**DATA EXCERPT**
◇ ◇ ◇ ◇ ◇

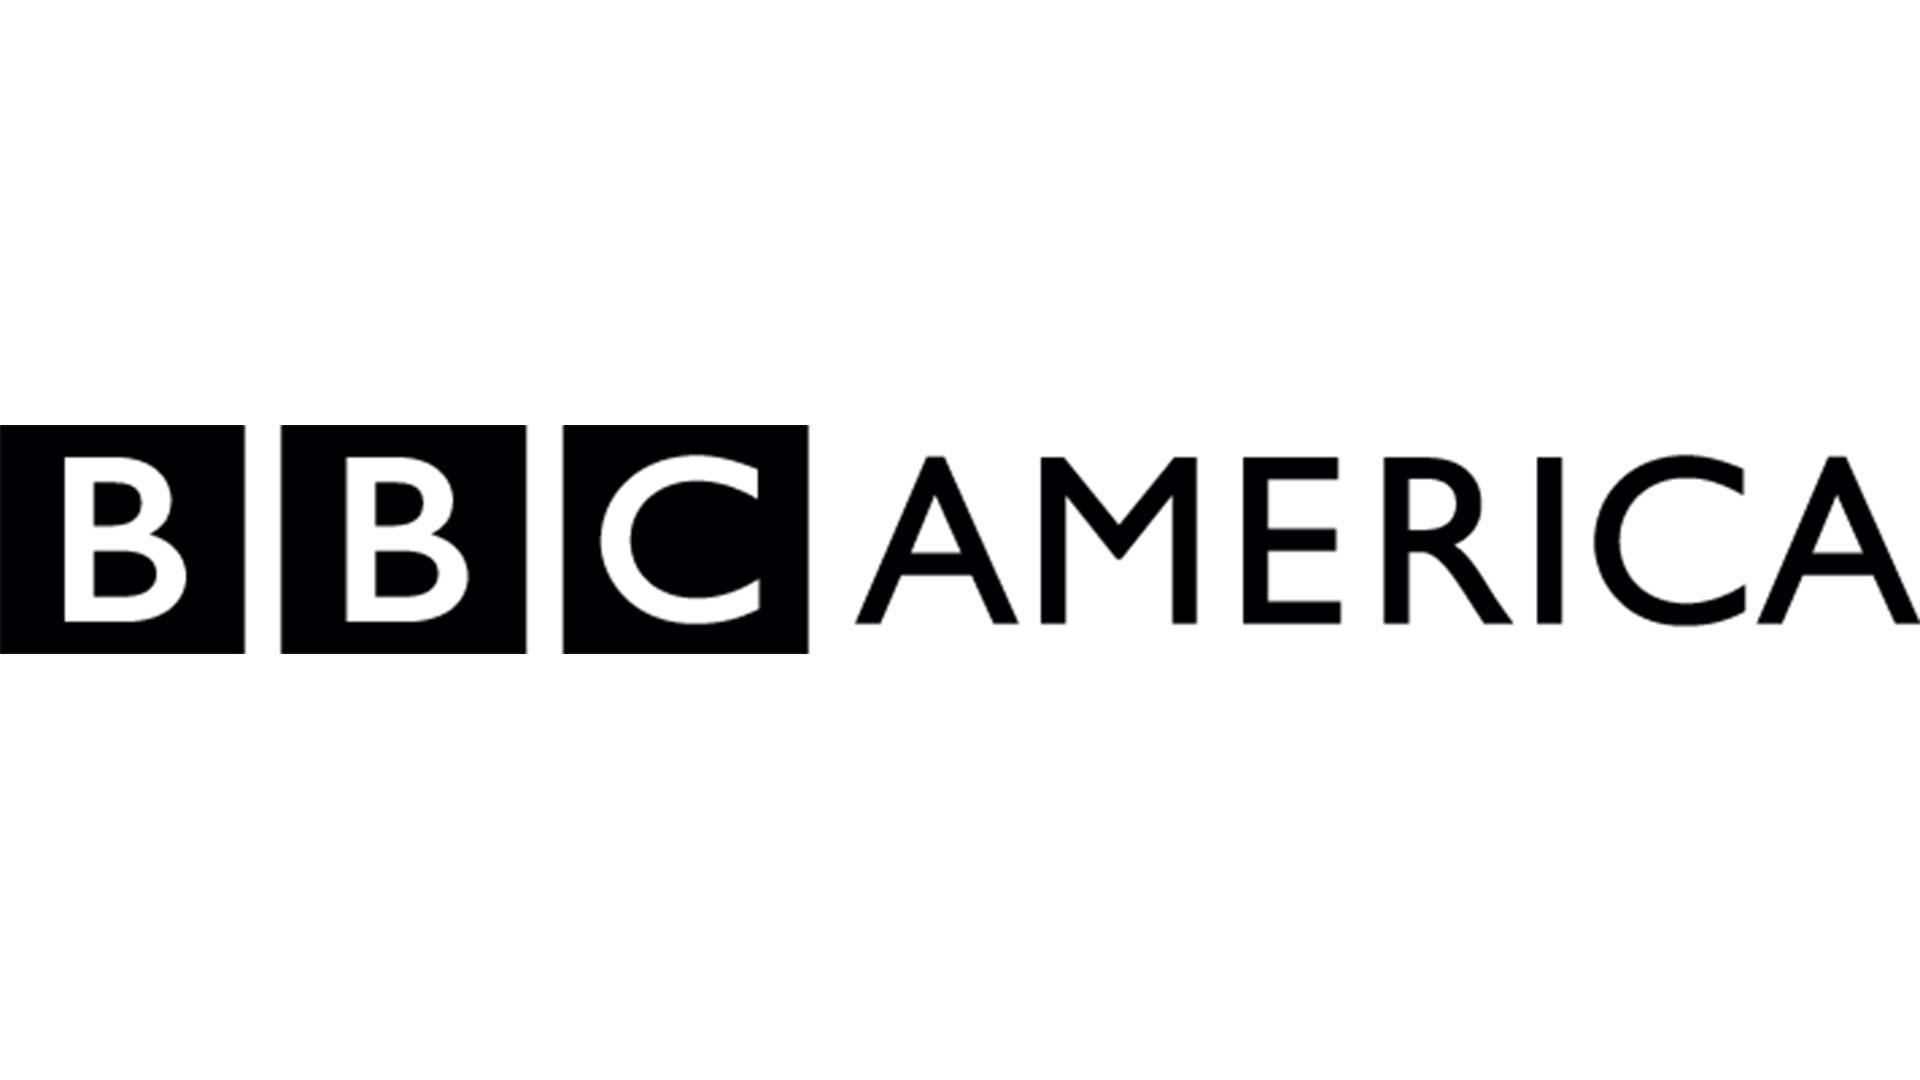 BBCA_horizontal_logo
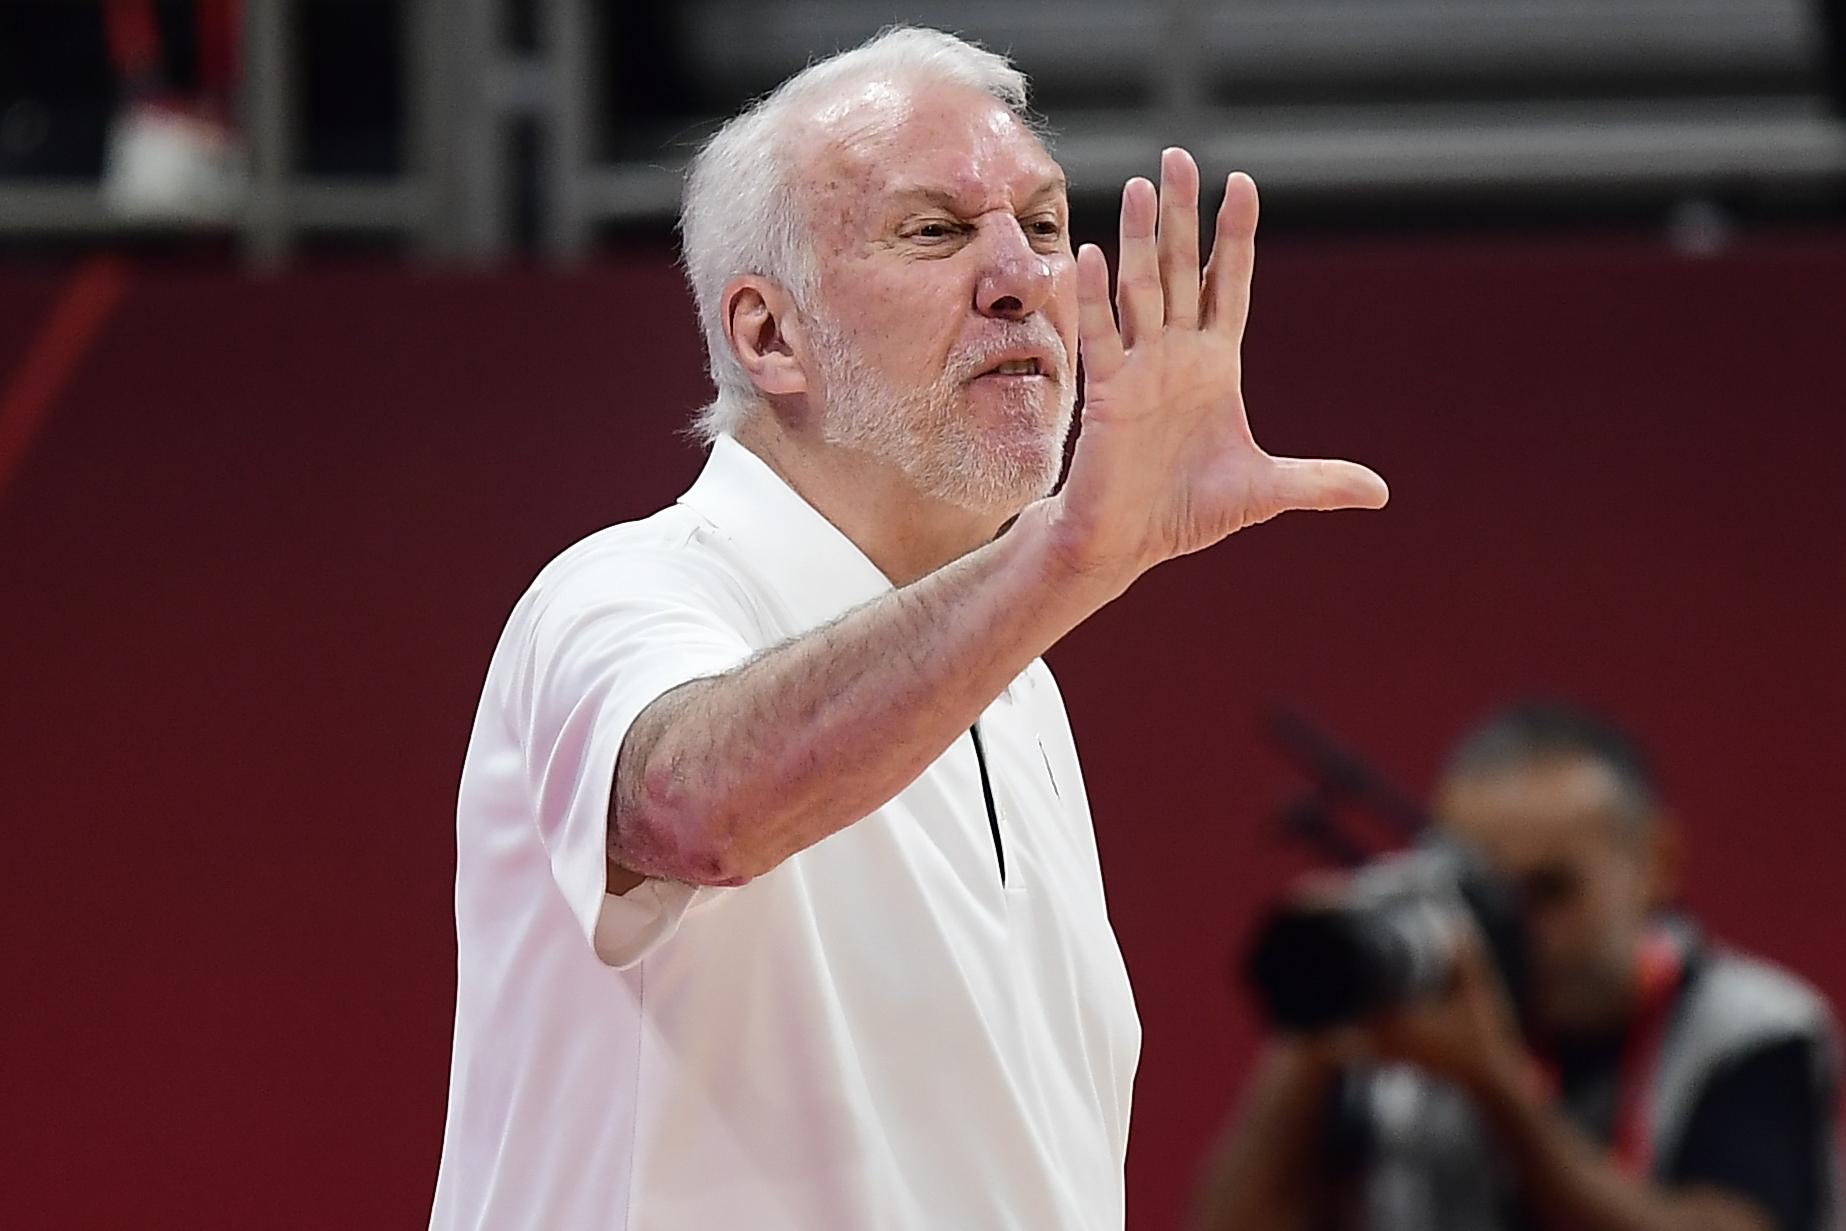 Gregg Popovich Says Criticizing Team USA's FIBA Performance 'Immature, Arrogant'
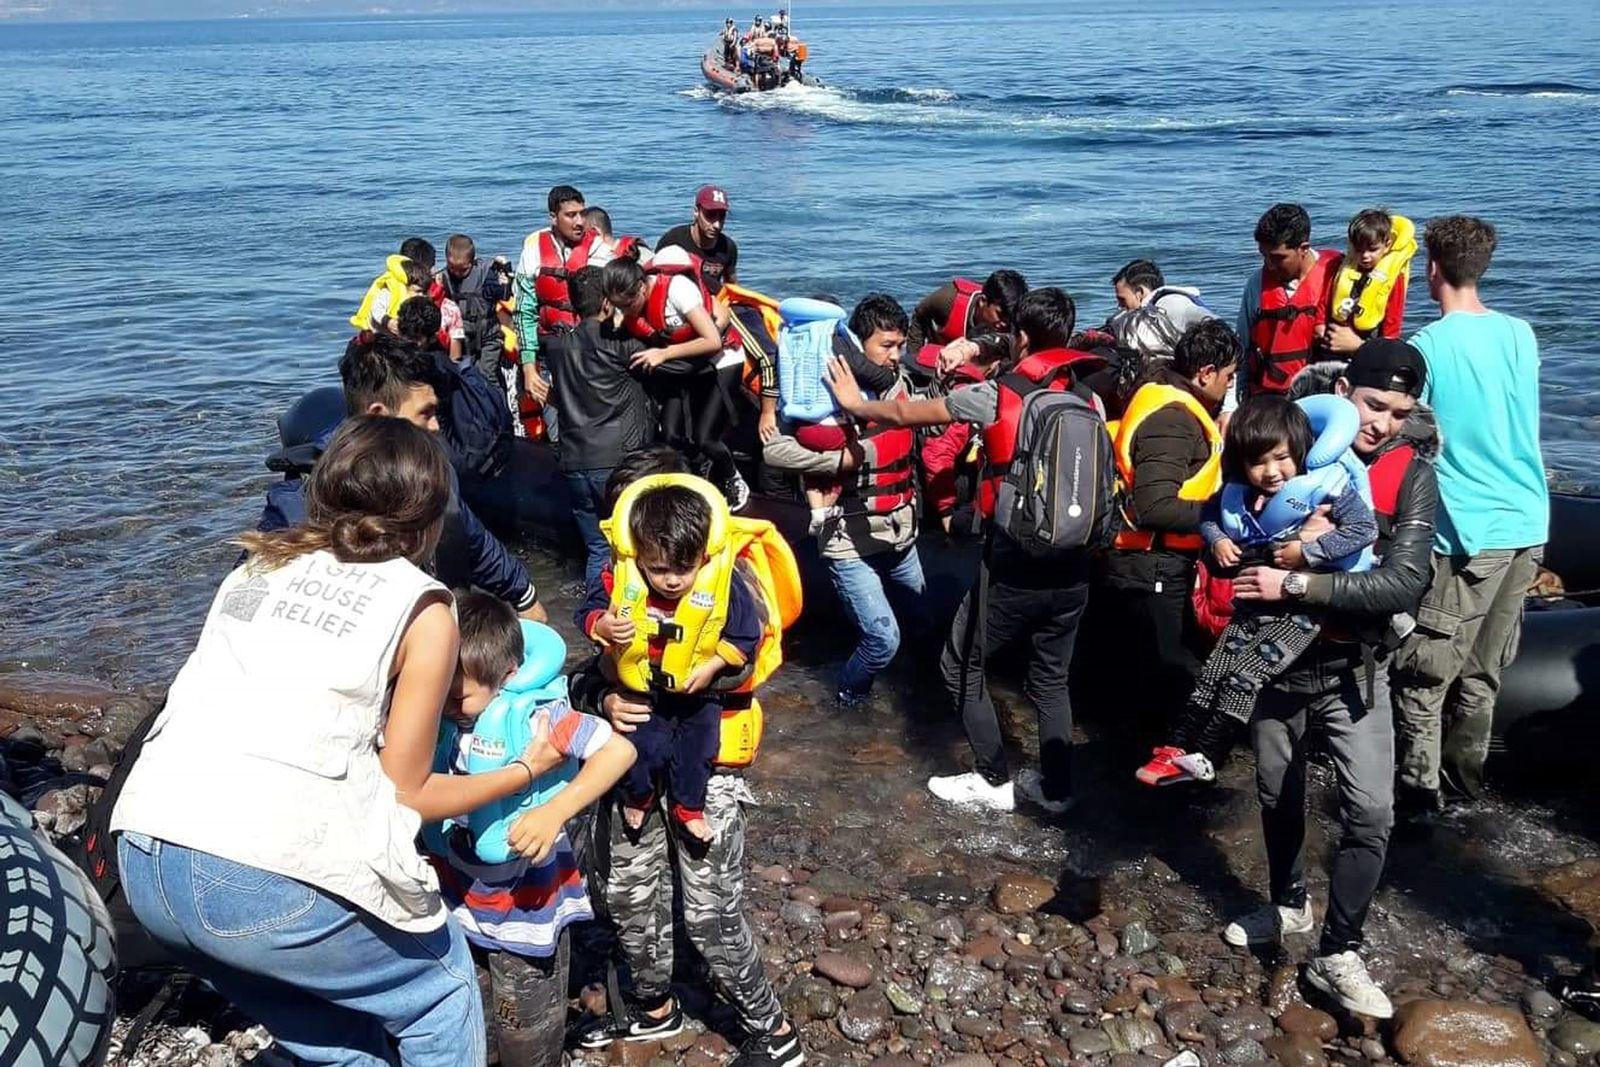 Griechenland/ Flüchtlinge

◇ ◇ ◇ ◇ ◇

**TASK PROMPT**
Write out the data above in full and exactly, but not the pictures.

**EXPECTED ANSWER**
 BBCA_horizontal_logo
 Gregg Popovich Says Criticizing Team USA's FIBA Performance 'Immature, Arrogant'
 Griechenland/ Flüchtlinge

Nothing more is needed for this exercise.